Gulistan : Le Golistan, ou Gulistan (en persan : « Jardin des roses ») est un recueil de poèmes et d'histoires écrit par le poète persan Saadi au XIIIe siècle.  

BostanLe Bustan, ou Bostan (en persan : « Jardin des fruits », ou « Verger ») est un recueil de poèmes et d'histoires écrit par le poète persan Saadi au XIIIe siècle. C'est son autre grande œuvre avec le Golistan (Jardin des roses).

Continuum : Ensemble d'éléments homogènes. Phénomène progressif dont on ne peut considérer une partie que par abstraction.

Gahara : Un gharara est un costume traditionnellement porté par les femmes musulmanes de l'Hindi Belt. Il se compose d'un kurta (une tunique descendant jusqu'à la mi-cuisse), un dupatta (large étole ou voile), et surtout, un pantalon froncé au niveau du genou afin qu'ils élargissent considérablement.  

Bandh : Bandh est une forme de protestation utilisée par des militants politiques dans des pays d’Asie du Sud tels que l’Inde et le Népal. Cela ressemble à une grève générale.

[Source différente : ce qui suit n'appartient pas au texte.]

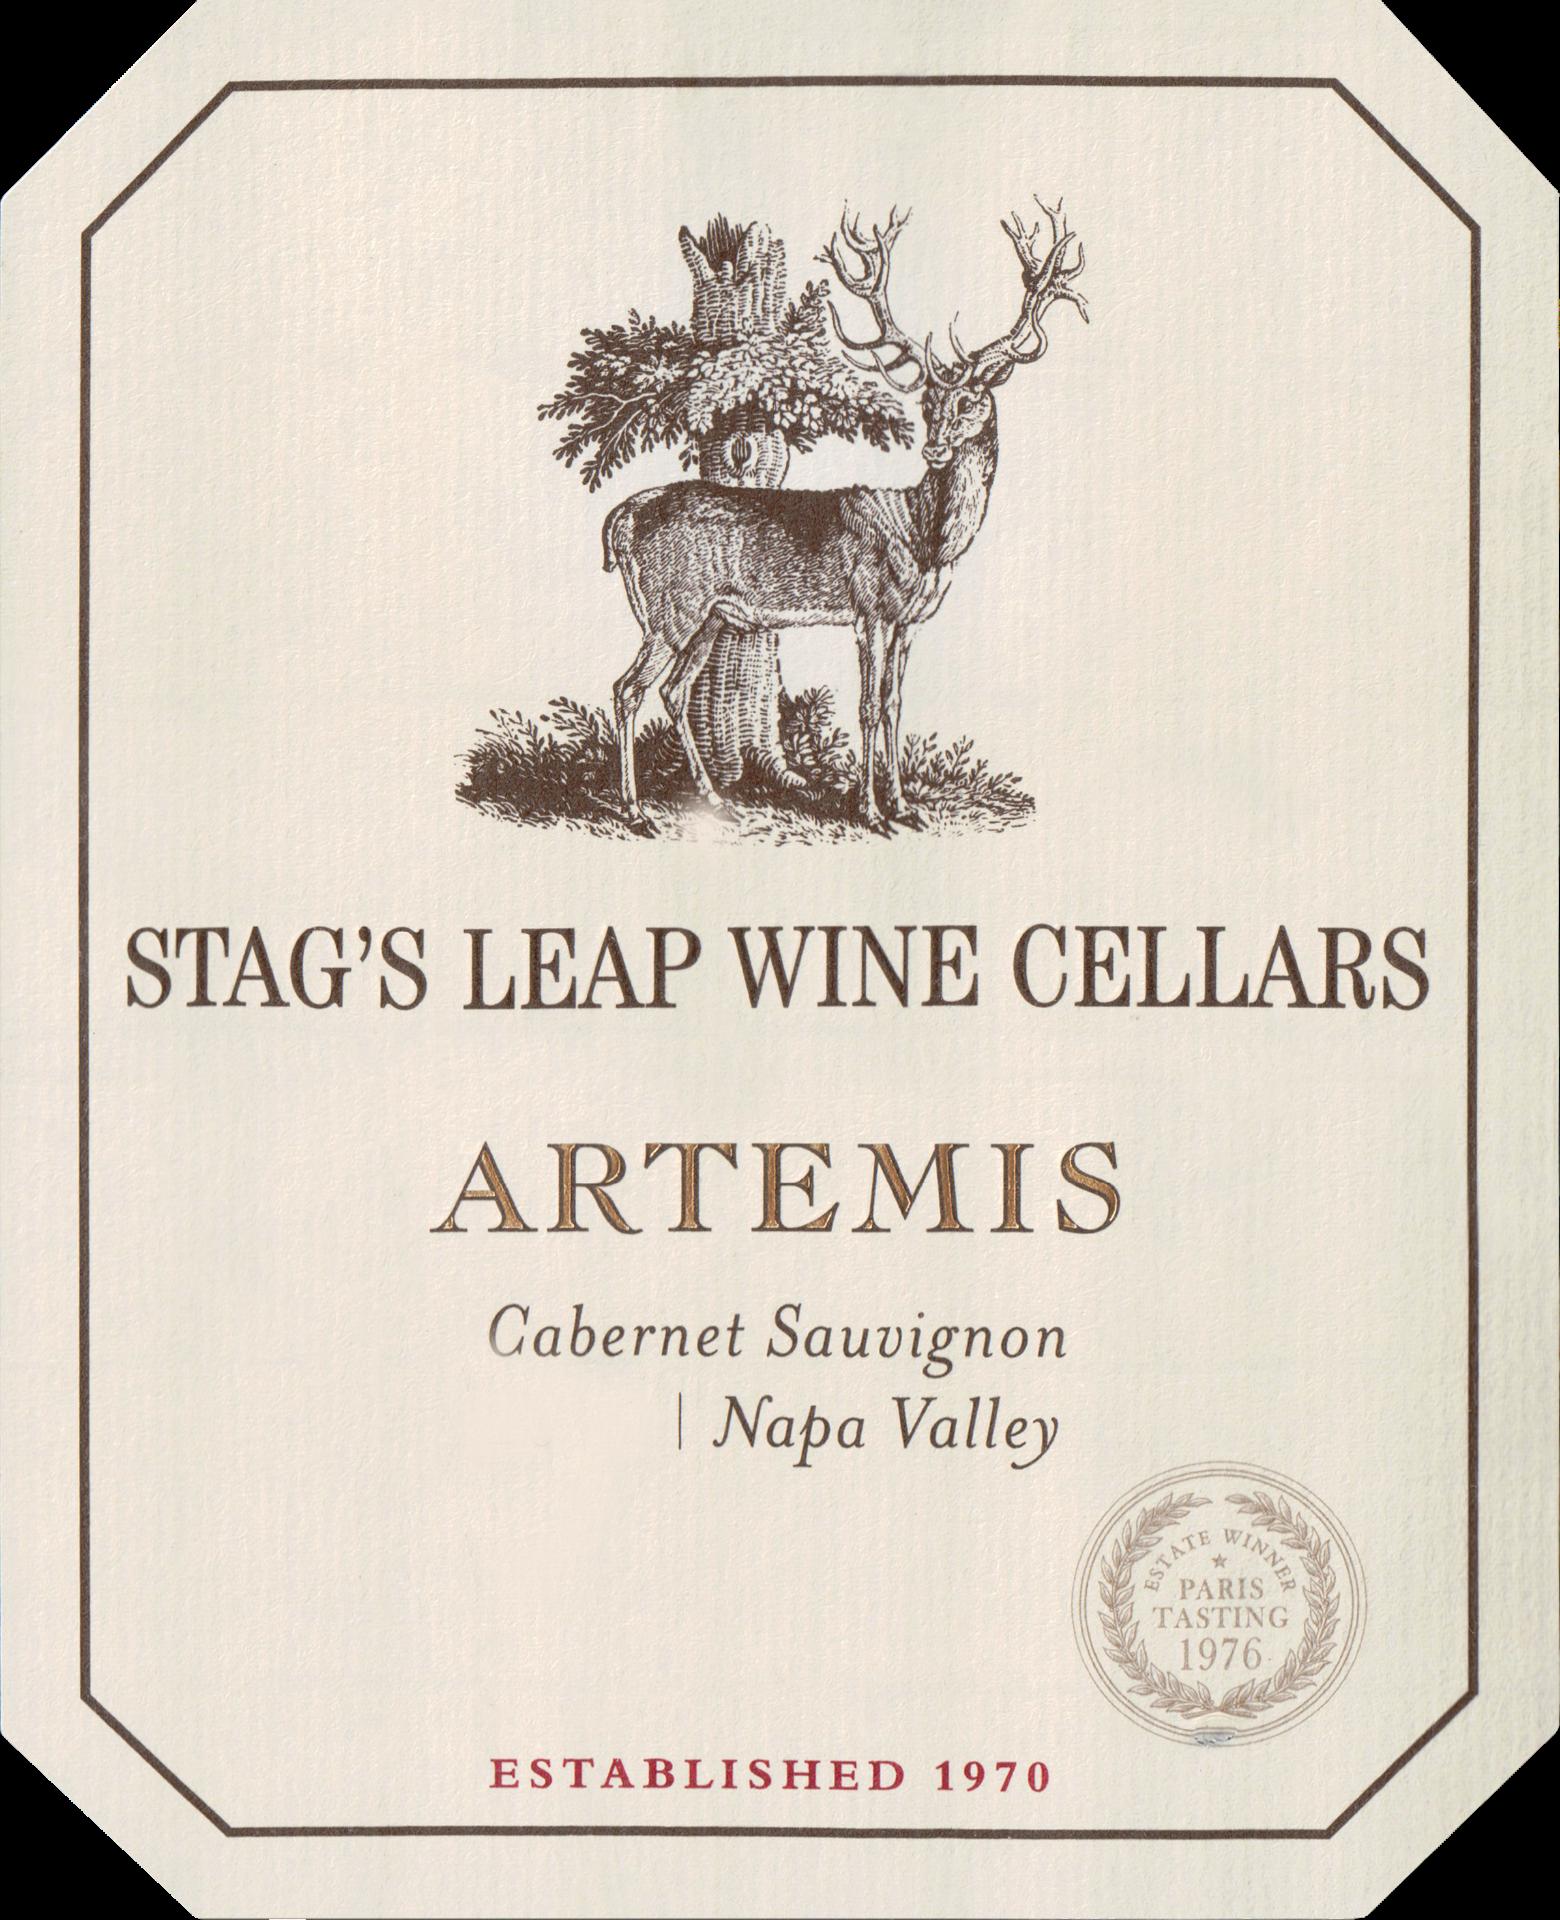 Stags Leap W.C. Artemis Cabernet Sauvignon 2017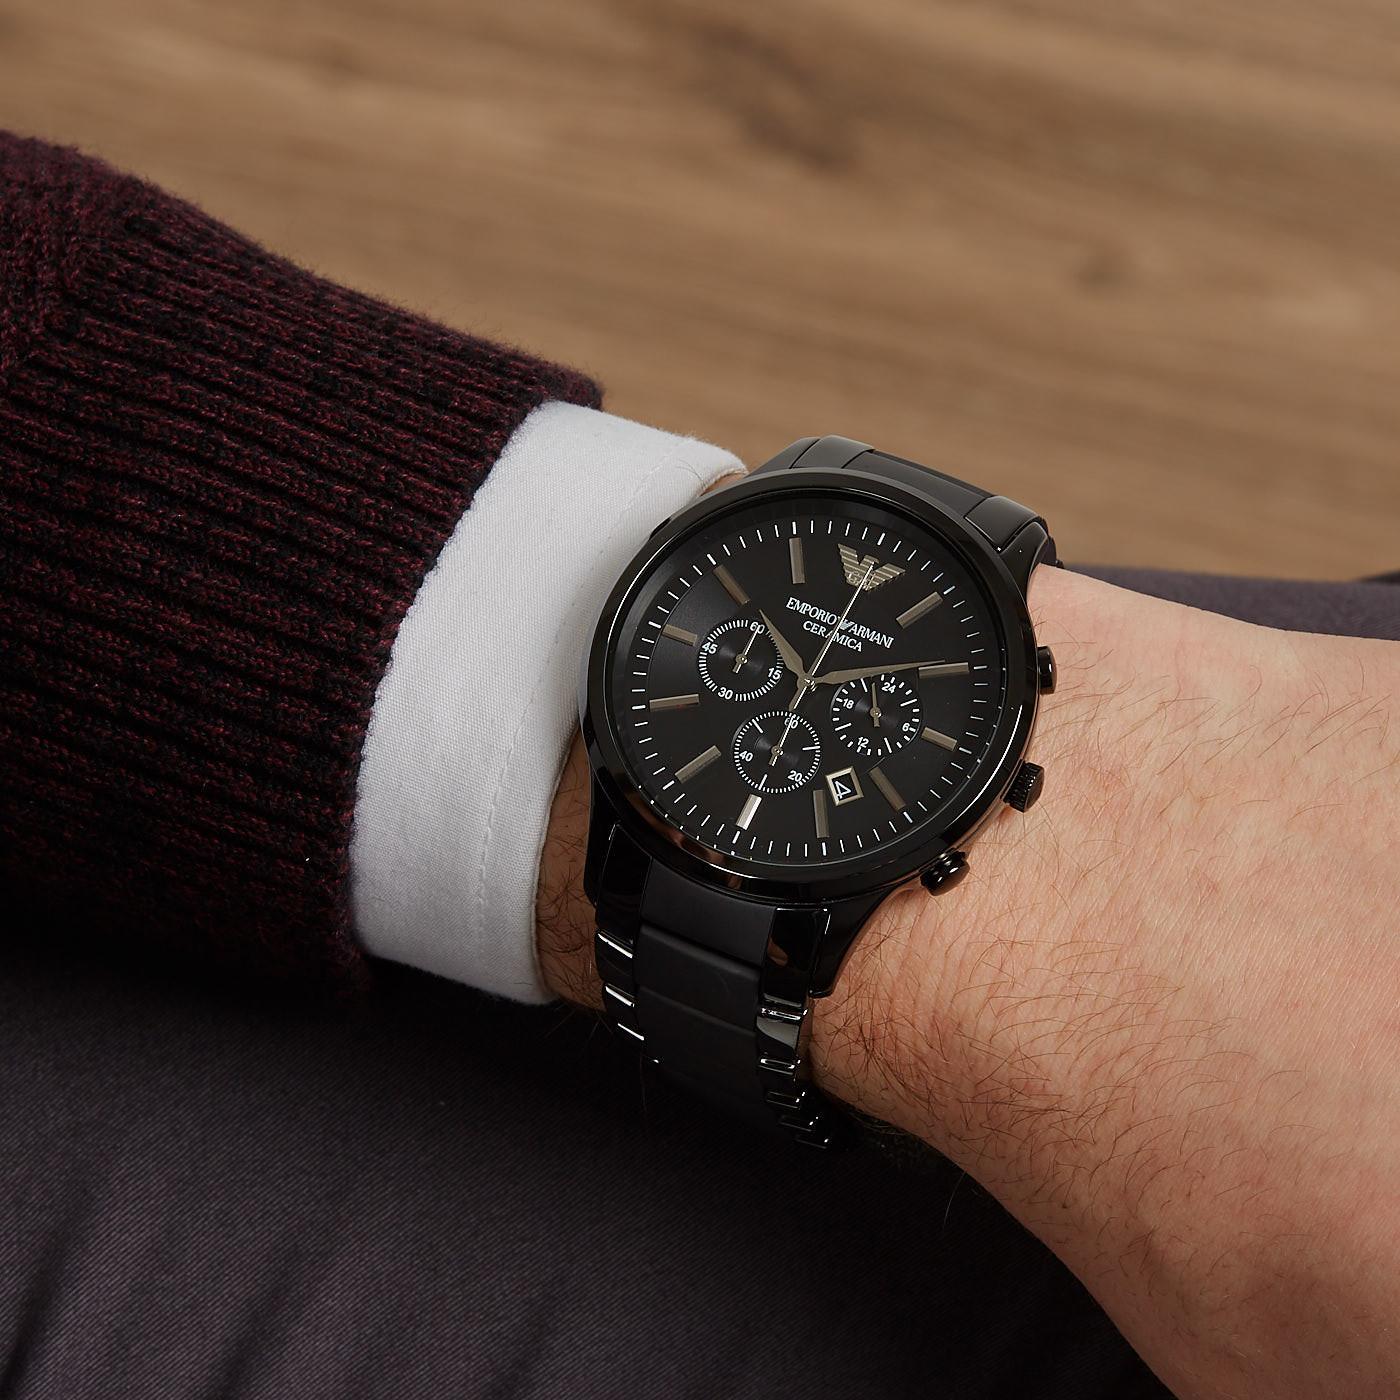 dc4fe1f9bfa9 Emporio Armani reloj AR1451 - Relojes

Pendant un bandh, un parti politique ou une communauté déclare une grève générale.

Goule : Vampire femelle des légendes orientales.

Achkan : Achkan, également connu sous le nom de Baghal bandi, est une veste longue portée par les hommes dans le sous-continent indien, en particulier en Inde, au Népal, au Bangladesh et au Pakistan.

Ghat : En Inde, un ghat est un ensemble de marches ou de gradins qui recouvrent les rives des cours d'eau ou les berges des bassins ou tanks. Ils permettent de descendre au contact de l'eau, le plus souvent d'un fleuve sacré, par exemple le Gange à Haridwar et Varanasi (Bénarès).

Funtoosh : Interjection (hindi ?) pour "fini, terminé" ou "bien sûr !".